Announcing the Cabinet's decision, Gupta said the government is committed to making Delhi a national leader in sustainable transportation. She said the administration would invest ₹15,000 crore over the next four years under the policy, while targeting 95% of new vehicle registrations to be electric by 2027.
The chief minister said the policy has been designed to accelerate EV adoption through a mix of financial incentives and regulatory measures, making clean mobility more accessible for both individual consumers and commercial operators.
Phased transition for commercial vehicles
As part of the implementation roadmap, only electric autorickshaws will be registered in Delhi from January 1, 2027, according to officials. The policy also mandates that registrations of new petrol or diesel-powered two-wheelers will be phased out, with only electric two-wheelers to be registered from April 1, 2028.
The staggered rollout is aimed at allowing manufacturers, fleet operators and consumers adequate time to transition to electric alternatives while strengthening the city's charging ecosystem.
No tax relief for hybrid vehicles
Although the draft version of the policy had proposed a 50% waiver on road tax for hybrid vehicles priced up to ₹30 lakh, the final Cabinet-approved policy has dropped the proposal. Officials clarified that no subsidy or tax incentive has been extended to hybrid vehicles, indicating the government's clear preference for fully electric mobility over transitional technologies.

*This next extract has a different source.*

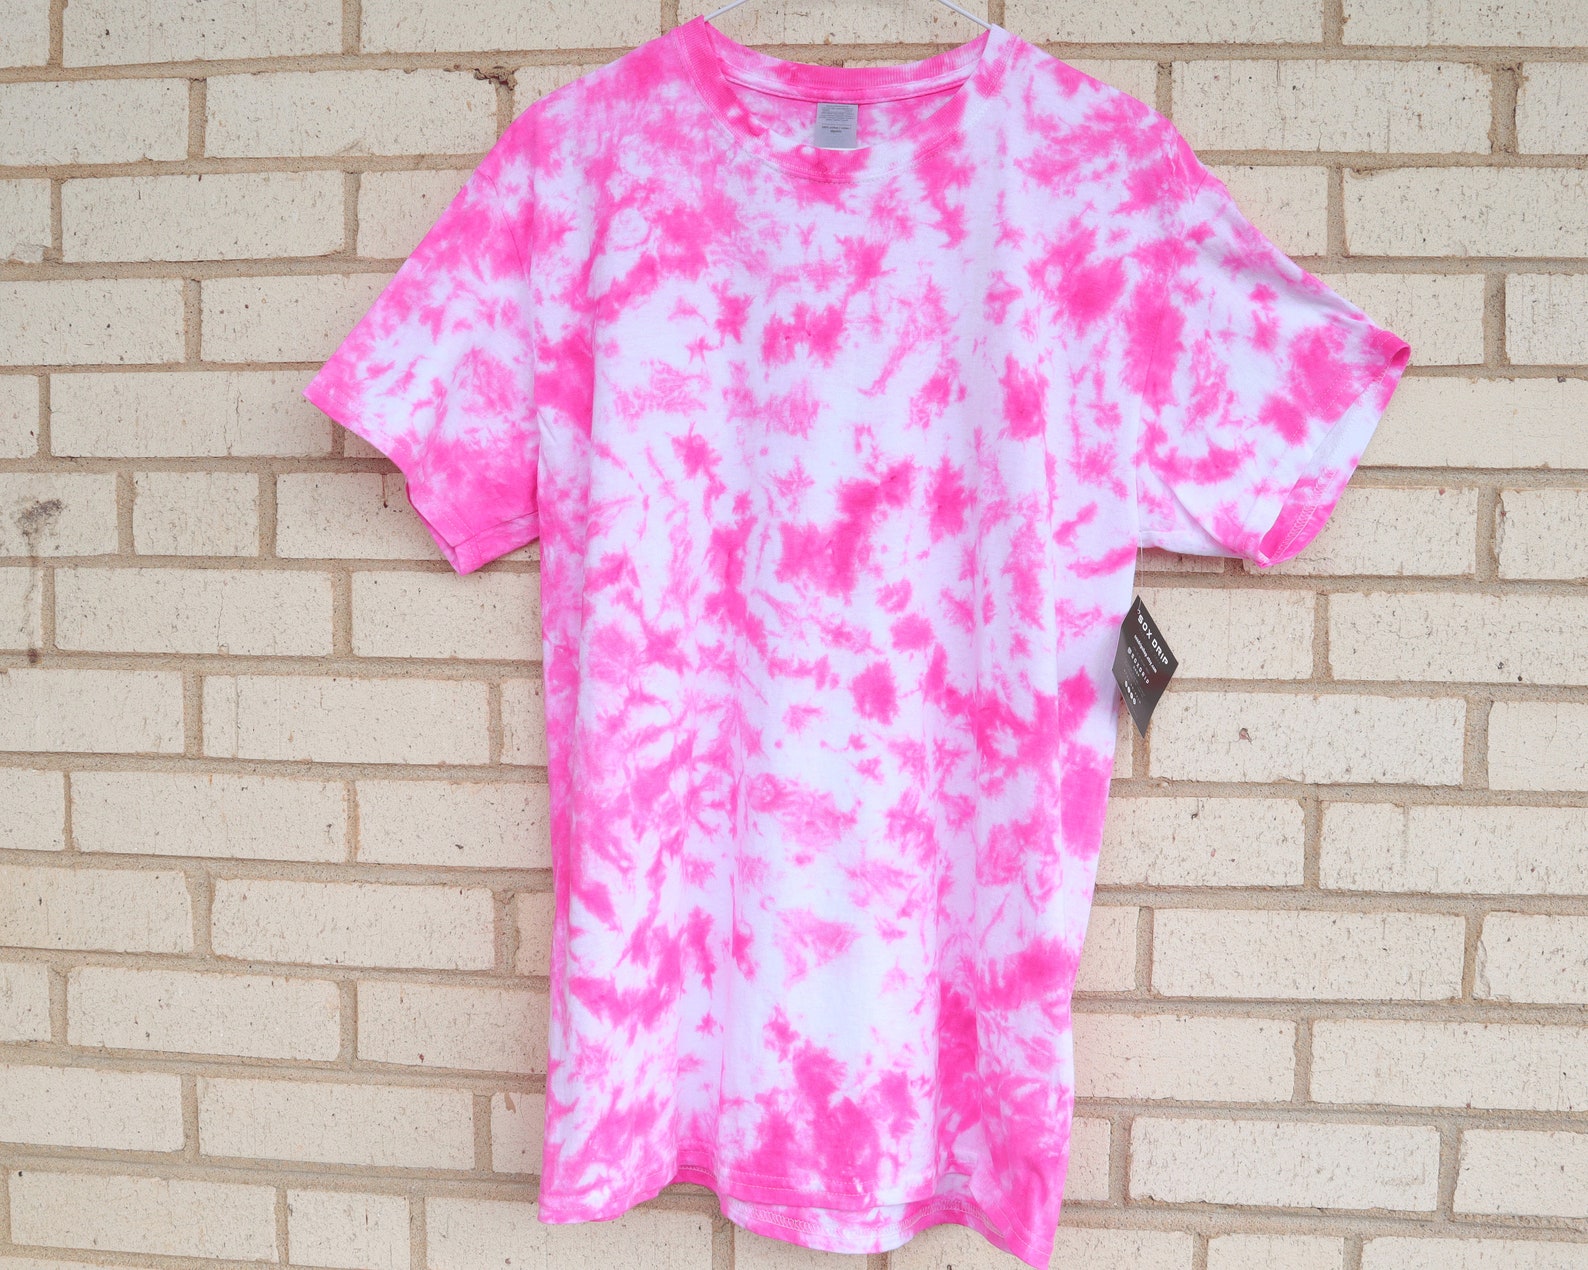 Pink Tie Dye Shirt Tye Dye Shirt Tye Dye Tie Dye T-Shirts | Etsy

With generous subsidies, scrappage incentives and mandatory electrification timelines, Delhi's EV Policy 2.0 marks one of the country's most aggressive clean mobility programmes and is expected to significantly reshape the capital's automotive landscape over the next few years.
Industry welcomes policy push
The policy has drawn a positive response from industry, with stakeholders saying it provides long-term policy certainty for the electric mobility ecosystem while reinforcing Delhi's position as one of India's leading EV markets.
A Tata Motors Passenger Vehicles spokesperson welcomed the policy, saying it reinforces the government's commitment to accelerating the adoption of zero-emission mobility.
"Delhi has once again demonstrated leadership in doing the right thing. By retaining ambitious electrification timelines for high-usage vehicle segments and focusing policy incentives on pure EVs, the government has reinforced the principle that public support should benefit and accelerate technologies that deliver the maximum environmental benefit with zero emissions," the spokesperson said.
"This policy provides long-term direction for the industry, strengthens confidence in India's EV ecosystem and can serve as a benchmark for other states pursuing cleaner urban mobility," the spokesperson added.
Echoing similar views, Nirmal K. Minda, President, ASSOCHAM, said the policy is a forward-looking initiative that addresses Delhi's persistent air pollution challenge while advancing sustainable urban mobility.
"The proposed ₹15,000 crore investment towards strengthening the EV ecosystem, including charging infrastructure and incentives, reflects the scale of commitment required to accelerate the clean mobility transition," Minda said.
"The policy has the potential to substantially reduce vehicular emissions while creating new economic opportunities and can serve as a model for other states to adopt similar clean mobility initiatives suited to their local needs," he added.
TVS Motor Company also welcomed the policy, saying it would help accelerate EV adoption in the national capital. "We welcome the Delhi government's new EV policy, which is proactive and forward-looking," said Sudarshan Venu, Managing Director, TVS Motor Company.